Yukarıdaki kısa açıklamadan da görüleceği üzere DRM veya daha genel üst başlık içinde ele alındığında, yazılım yoluyla düzenlemenin, hukuksal sistem içinde insan kararlarına bağımlılığı azalttığı söylenebilir. Tüm bu otomasyon ve sibernizasyonu insanlığın geleceği için tehlike olarak görenler açısından DRM, bu olgunun hukuki boyutunu yansıtıyor olması sebebiyle aynı eleştirilere açıktır. Bu yönüyle DRM sistemleri, insan iradesine ihtiyacı azaltan bir süreci temsil etmektedir.

 

İkinci olarak, DRM sistemleri telif hakkı ve komşu haklara, hukuk sistemlerince getirilmiş kimi istisnaların işleyişini etkisizleştirebilmektedir. Günümüzdeki pratik sonuçları bakımından DRM sistemlerine yöneltilen en önemli eleştiri budur.[17]

 

Söz konusu istisnalar, pek çok farklı ülke hukukunda  özellikle eğitim, haberleşme ve eleştiri gibi toplumsal ilerlemeye katkı sağlayan faaliyetleri teşvik amacıyla getirilmiştir; ve bir anlamda eser sahibine tanınan tekel hakkı karşılığında, kamusal menfaatlerin korunması için bir denge durumunu ifade eder.  Bu kamusal isitisnaların DRM sistemlerince nasıl gözetileceği söz konusu olduğunda, telif hakkı sahibinin eserle ilgili kullanımları, sözleşmeyle ne dereceye kadar sınırlayabileceği sorusu ortaya çıkmaktadır.

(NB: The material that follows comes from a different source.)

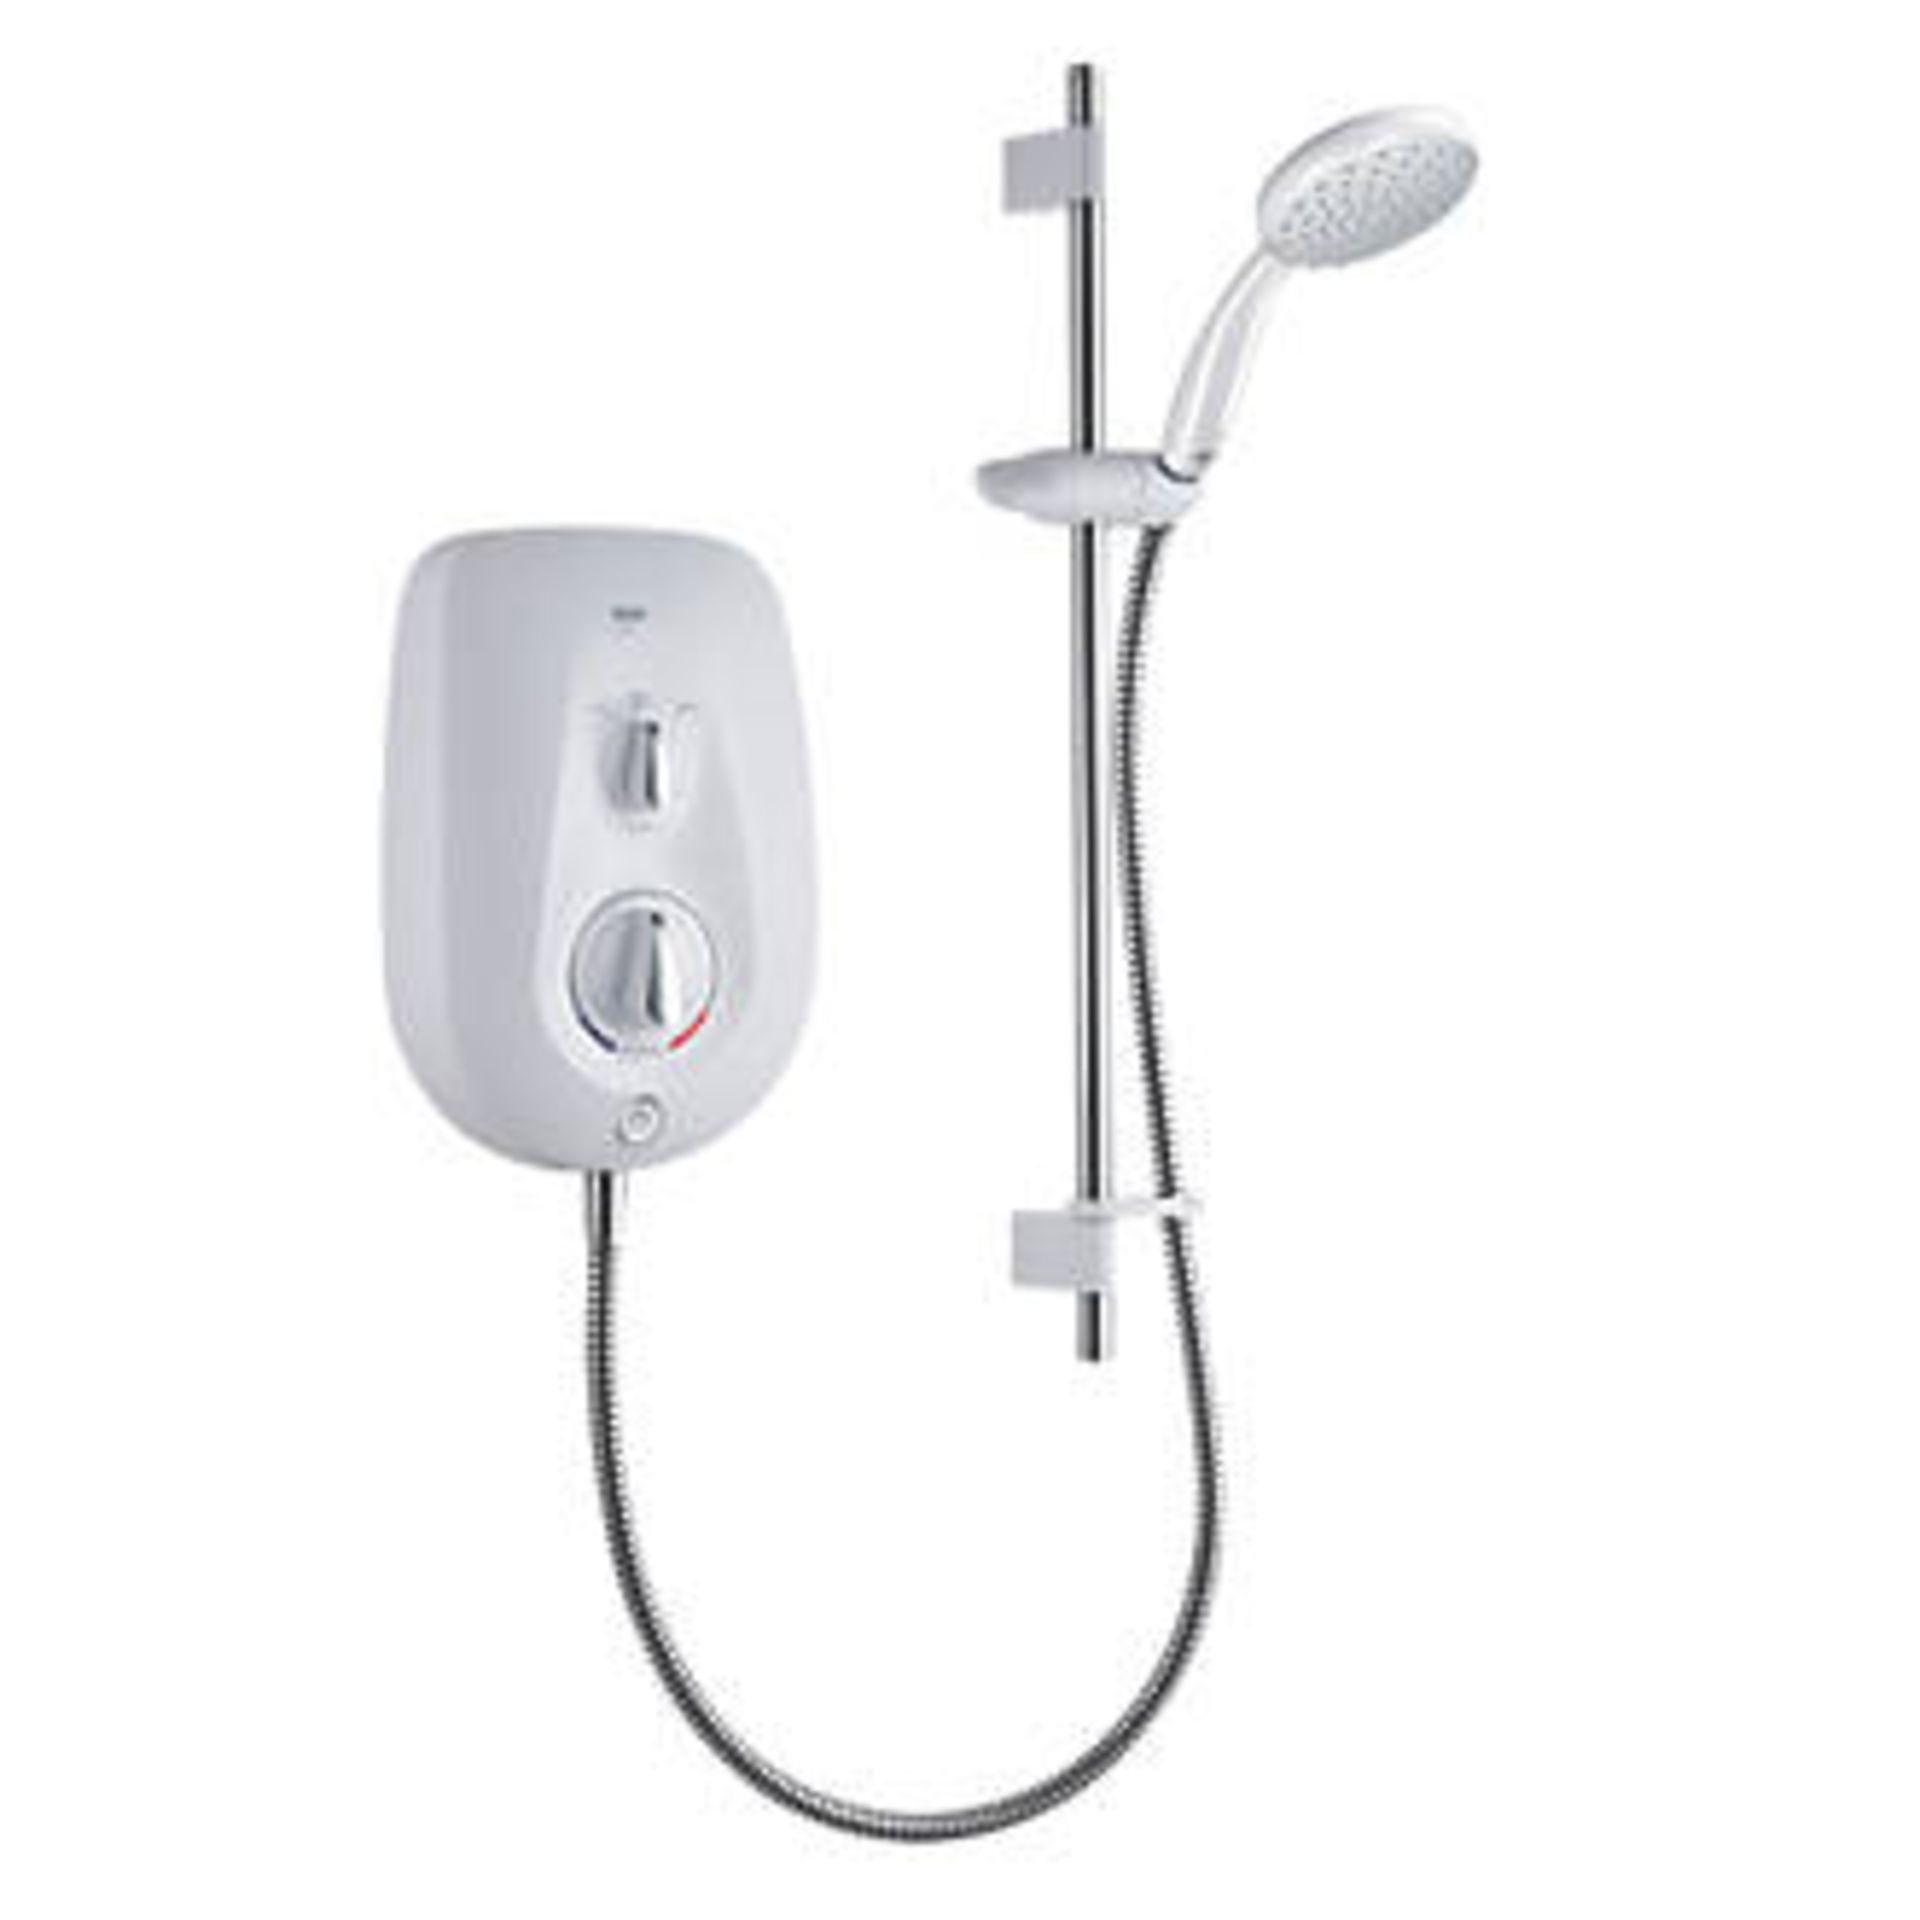 (XL67) Mira Go White 10.8kW Electric Shower. RRP £324.99. Contemporary electric shower with pr...( - Image 2 of 4

Her tür hak gibi, fikri mülkiyet hakkının kullanmının da belli sınırları olduğu ve bu sınırların da hukuki ilişkilerin doğası gereği duruma göre değişebildiği  tartışmasızdır. DRM sistemleri pek çok bakımından kanunlardaki esnekliği ortadan kaldırabilecekleri, özellikle kamusal menfaat düşüncesiyle telif hukuku veya bilgi erişim yasalarında yer alan kimi bireysel hakların kullanılmasını, pratik bakımından imkansız hale getirebilecekleri nedeniyle eleştirilmektedirler. Son olarak DRM sistemleri, kullanım kolaylığını azaltacak bilgiye ulaşımı çeşitli aşamalara, süreçlere tabi kılacaktır.

 

V-            Bilgisayar yazılımlarının korunması[18]

 

Bilgisayarlı iletişim sisteminin (network) hayat damarı ise ( software) yazılımdır. Yazılım biligisayarın belirli bir çıktıyı sağlayabilemsi için gerekli veri olarak tanımlanabilir. Bir başak yerde yazılım, veri işlemek üzere kullanılan donanım dışındaki herşey olarak ifade edimektedir. Yazılım, bilgisayarla ilgili tüm fenomenin  özüdür. Bilgisayar temelde açık veya kapalı değeri alabilen devrelerden oluşmuştur ve bunları idare edecek komutlar olmaksızın  işlevsizdirler.

 

Yazılım yoluyla hukuk kurallarının uygulanması olgusunun yanı sıra, yukarıda ortaya konduğu üzere, toplumsal ve ekonomik hayatta gittikçe yoğunlaşan fonksiyonu sonucu, yazılımın fikri hukuk çerçevesinde korunması da, fikri hukukun bilişimle kesiştiği bir başka alan olarak belirmektedir.

 

a)    Yazılımve fikri hukuktaki etkisi

 

Teorik planda bakılırsa yazılımla ilgili ilk dava bilgisayar yazılımı değil fakat piano roll denilen nesneler üzerinedir. Söz konusu pinao rol,l üzerine açılan delikler sayesinde player pino denilen aygıta belirli melodiyi çaldırmaya yaramaktaydılar. Bir başka deyişle piano roll makinaya müzik çaldırmak için tasarlanmış bir bir komut dizgesidir ve player piano için  yazılım işlevi görmektedir. 1908 yılında görülen White-Smith Music Publishing Co. V. Apollo,  davasında  Amerikan Federal Yüksek Mahkemesi piano roll içindeki ifade insanlar tarafından doğrudan algılanabilir olmadığı ve player piano olmaksızın okunamadıkları gerekçesiyle telif koruması kapsamında olamdığına hükmetmiştir. Bu gerekçe 1976 yılında ABD’de Telif Hakkı Kanununda  (Copyright Act) değişiklik yapılıncaya kadar yazılımları telif koruması dışında tutmuştur.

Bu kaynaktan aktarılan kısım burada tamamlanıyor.